Thanks for the detailed analysis. I'll check it over tomorrow and I'll see if there's anything that can be done about this.

Mike

Mike Towler
2 years ago
Mike Towler 2 years ago

Hi Peter,

OK, I've changed things so that the mails now appear to come from 'psik-coord at psi-k.net' instead of 'psik-coord at dl.ac.uk' 

Any emails to the former are automatically forwarded to the latter, so the people at Daresbury who deal with these things will see no change.

Hopefully that will help with your spam problem.

Mike

PS: of course the old site at psi-k.org - which also used the 'psik-coord at dl.ac.uk' address - would have had exactly the same problem.

Mike Towler
2 years ago
Mike Towler 2 years ago

I also note that the Daresbury Laboratory SMTP server used by the Psi-k site to send emails was listed at http://www.sorbs.net as having recently sent spam. This may in fact be nothing to do with us at all, as presumably many other people use this server. That said, I have registered on the sorbs.net site and made a delisting request.

pbro
2 years ago
pbro 2 years ago

Hi,

changing the from address did not help, the rating was still the same, for the same reasons. The only effect was that it "bypassed" the whitelisting rule Warwick IT Services had added at my request. Now they added the psi-k.net address as well, so my problem (and that of other warwick.ac.uk-subscribers) is fixed.

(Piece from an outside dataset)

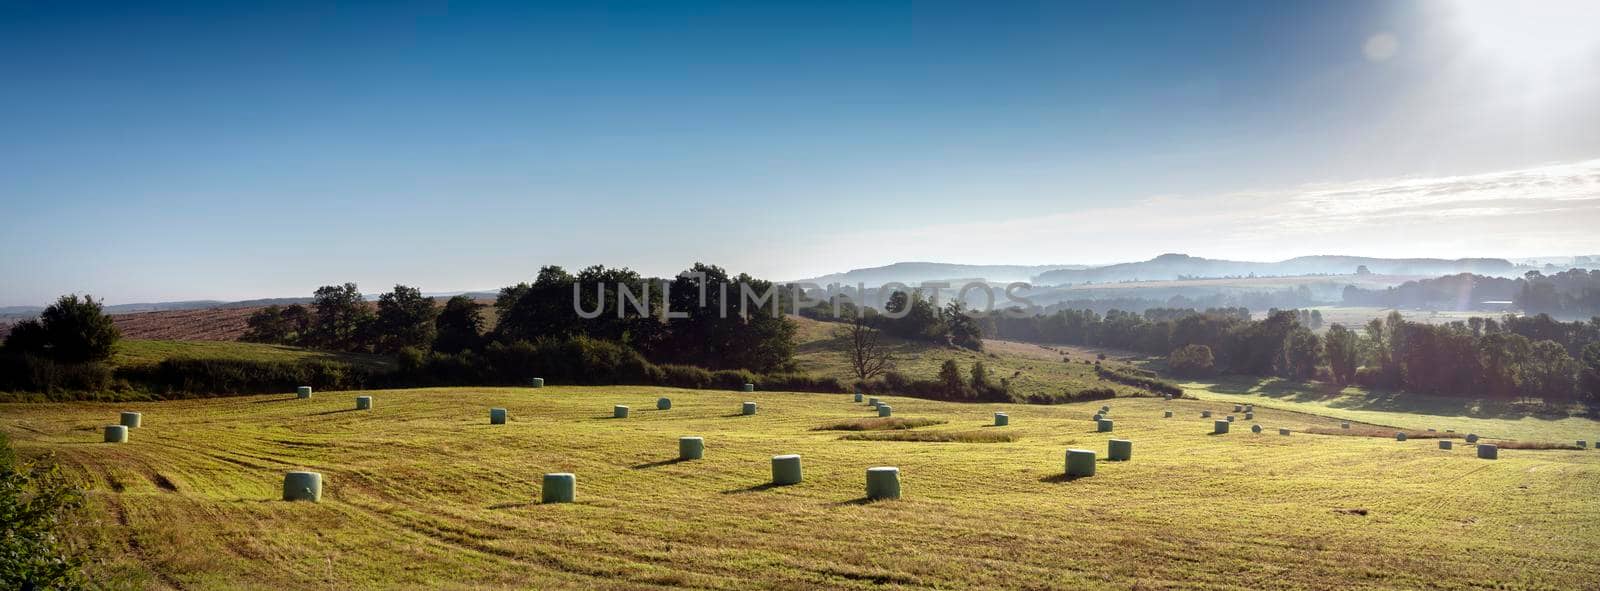 early morning landscape with hay bales in french ardennes by ahavelaar

However, our IT department also offered some feedback, which I would like to share with you:

Thanks for the problem email and full mail headers. It shows that the main (high value) spam rules being broken are do do with reverse DNS lookups, i.e. an unregistered ip address......this is a classic spammers technique hence the high score.

The line in question is:

Received: from [91.215.185.35] (helo=psi-k.net)

if you want to pass this info to them as it's not just Warwick that would be flagging these mails as spam 🙁

I would expect a line like this if all was legitimate:

Received: from ns46.supremeservers.co.uk [91.215.185.35] (helo=psi-k.net)

They may have put this line in manually rather than automatically via their mail sending software as I've just checked and the ip address does actually resolve!

Thanks and regards

Hope this helps,

Peter

Mike Towler
2 years ago
Mike Towler 2 years ago

Hi Peter,

Indeed - but the problem with the reverse DNS is that the Psi-k site is on a shared server - the one I rent personally and use for the other sites that I maintain (despite the Chairman's initial announcement it's never been anywhere near Finland. .) Updating the PTN record for a shared server needs to be done by the ISP (CWCS) and they won't do that. 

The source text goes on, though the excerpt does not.